─── MATERIAL FOR THE TASK

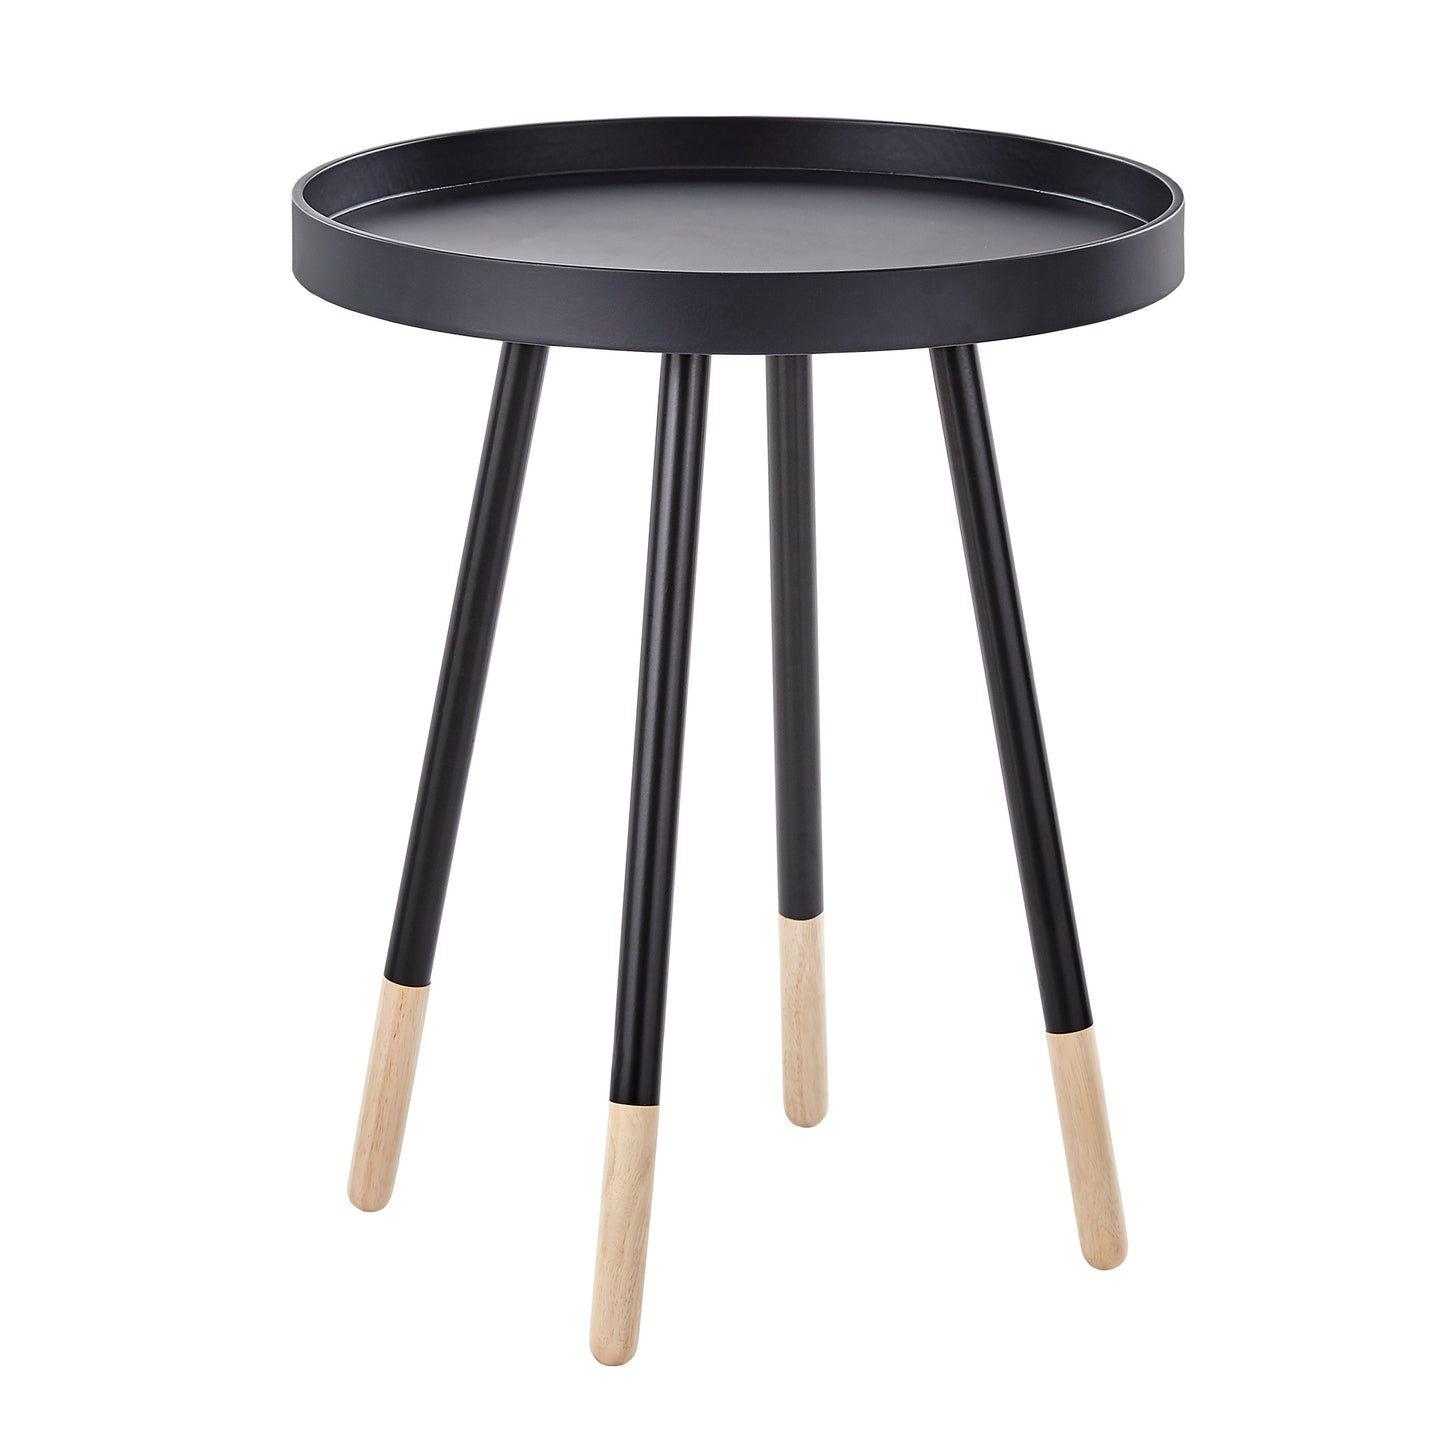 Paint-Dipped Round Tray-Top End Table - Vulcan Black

──────
─── MATERIAL FOR THE TASK

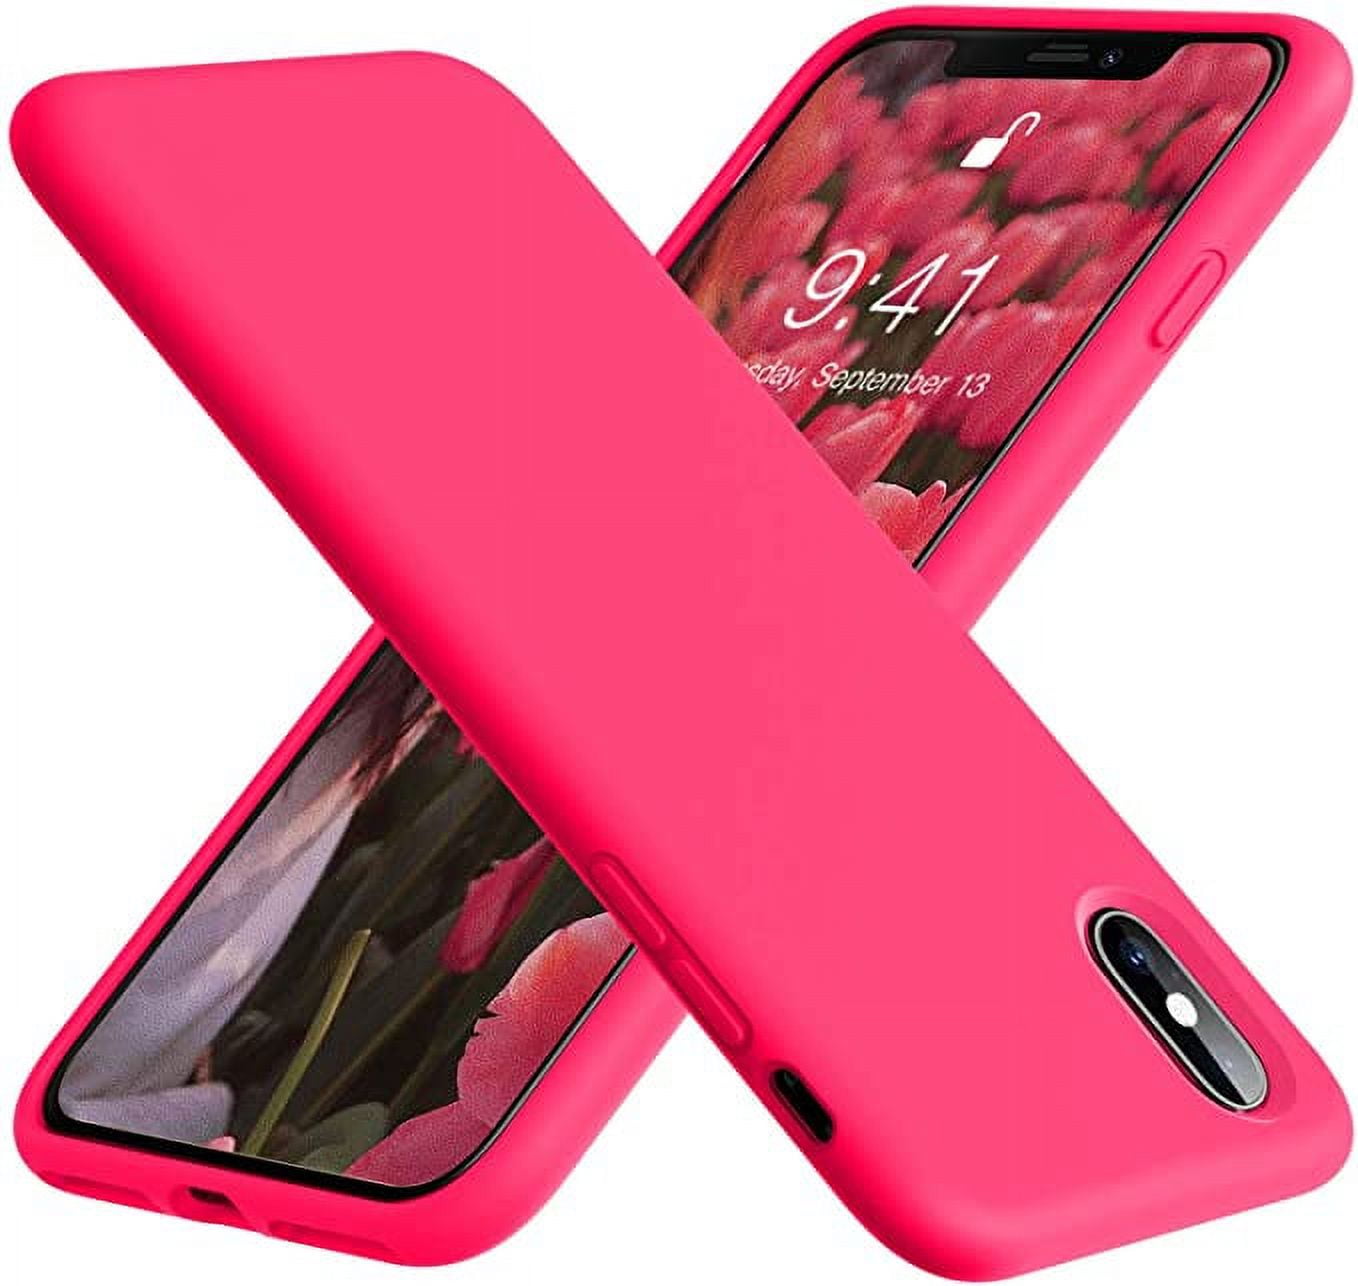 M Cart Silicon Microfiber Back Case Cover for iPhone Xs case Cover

──────
─── MATERIAL FOR THE TASK

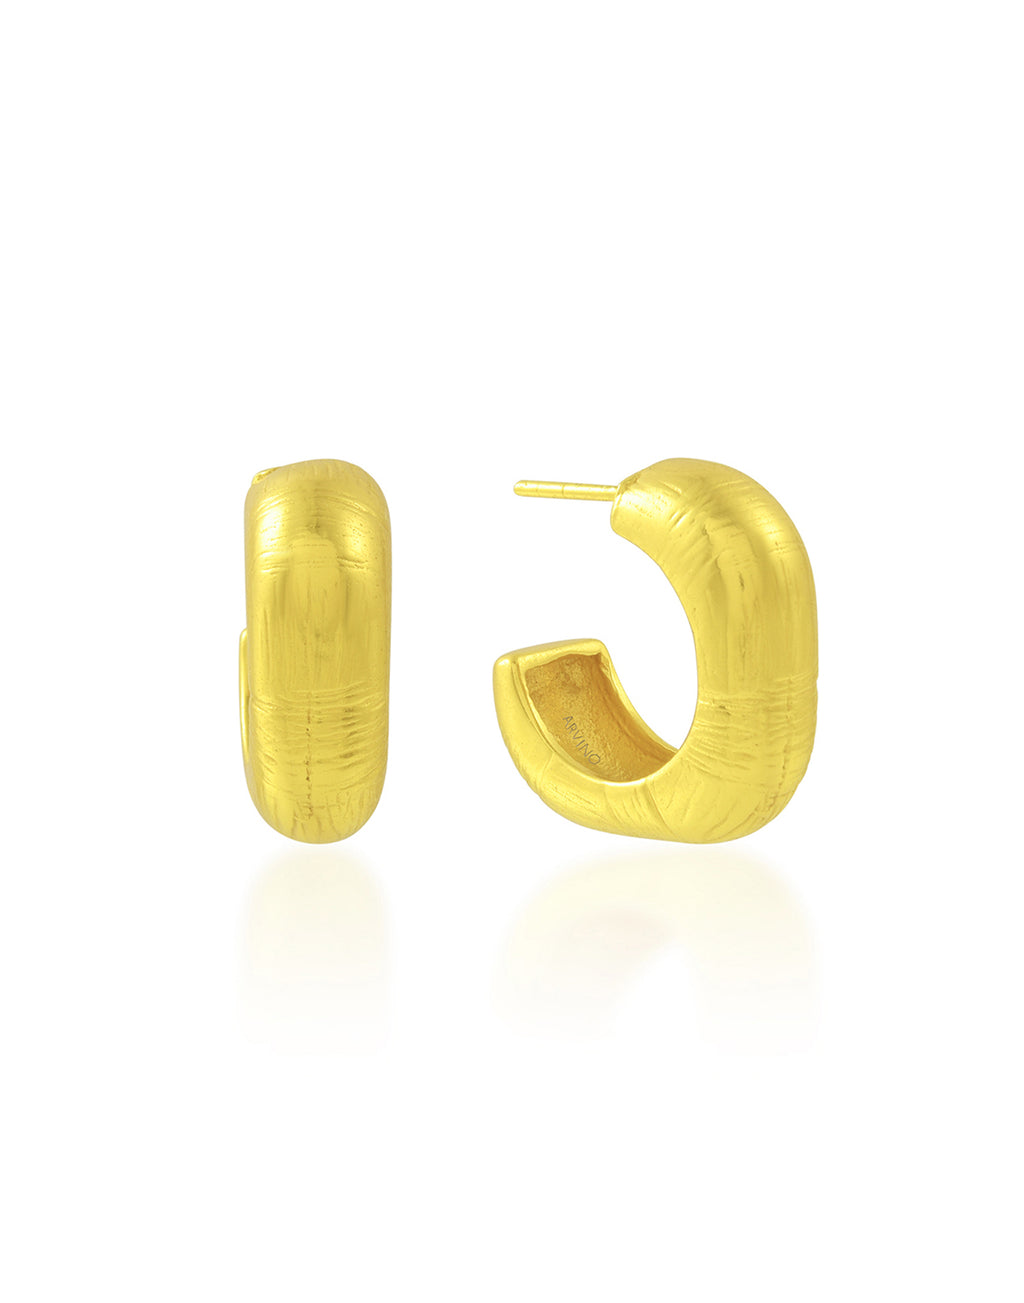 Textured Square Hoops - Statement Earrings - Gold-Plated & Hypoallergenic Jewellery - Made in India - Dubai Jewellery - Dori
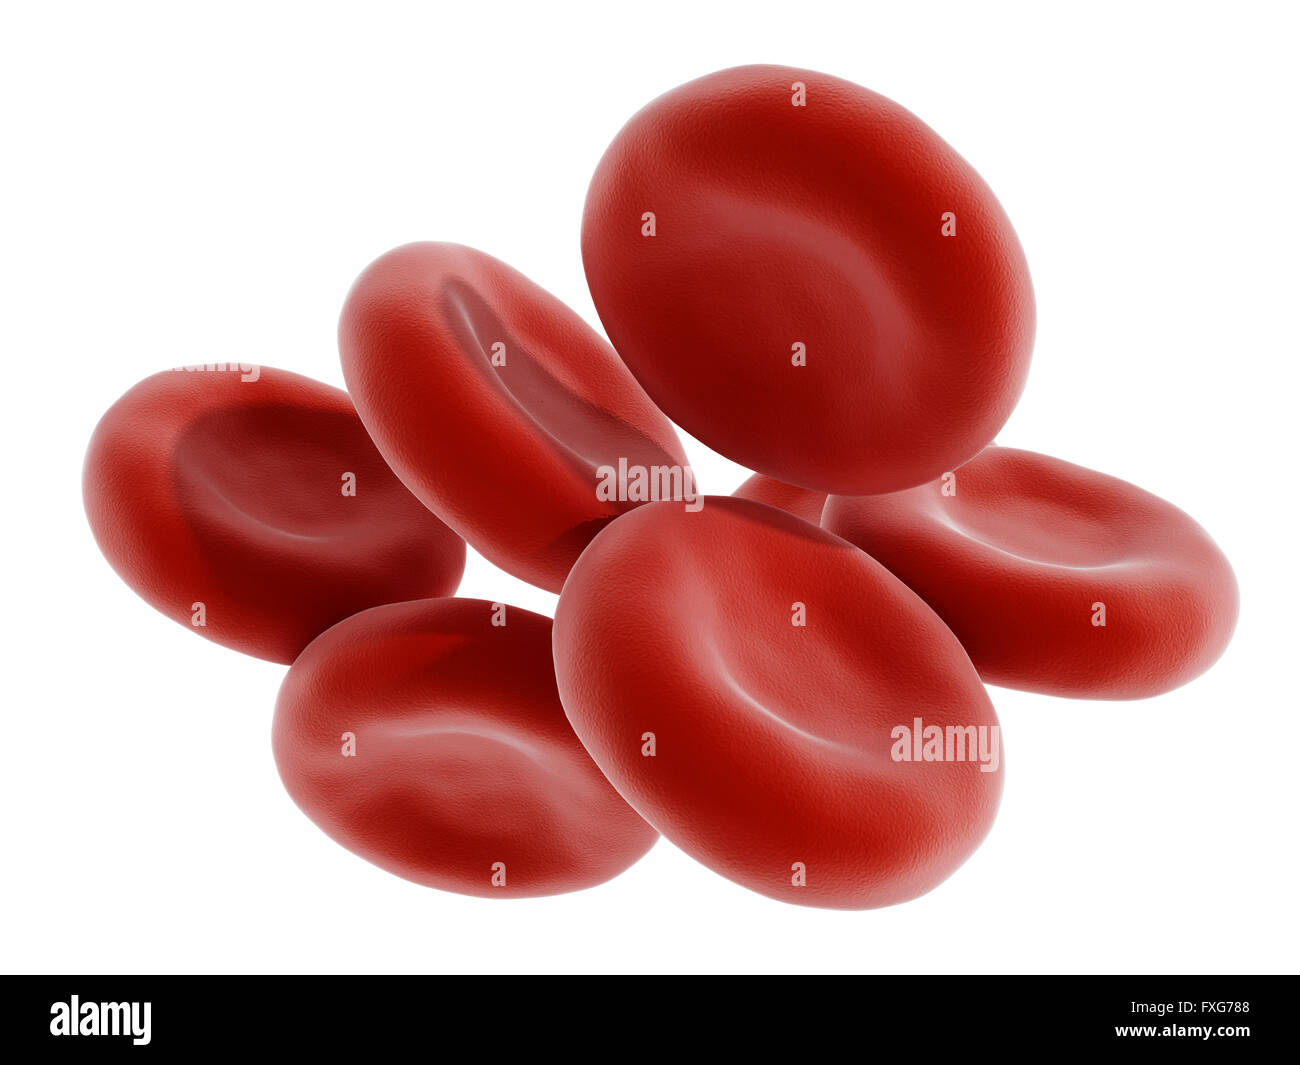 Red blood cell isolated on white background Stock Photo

──────

- INSTRUCTIONS FOR THE TASK
Precisely those lines above that run from the line with "Textured Square Hoops" up to and including the line with "Red blood cell" are to be set down, with the pictures omitted.

- ANSWER BOX
 Textured Square Hoops - Statement Earrings - Gold-Plated & Hypoallergenic Jewellery - Made in India - Dubai Jewellery - Dori
 Red blood cell isolated on white background Stock Photo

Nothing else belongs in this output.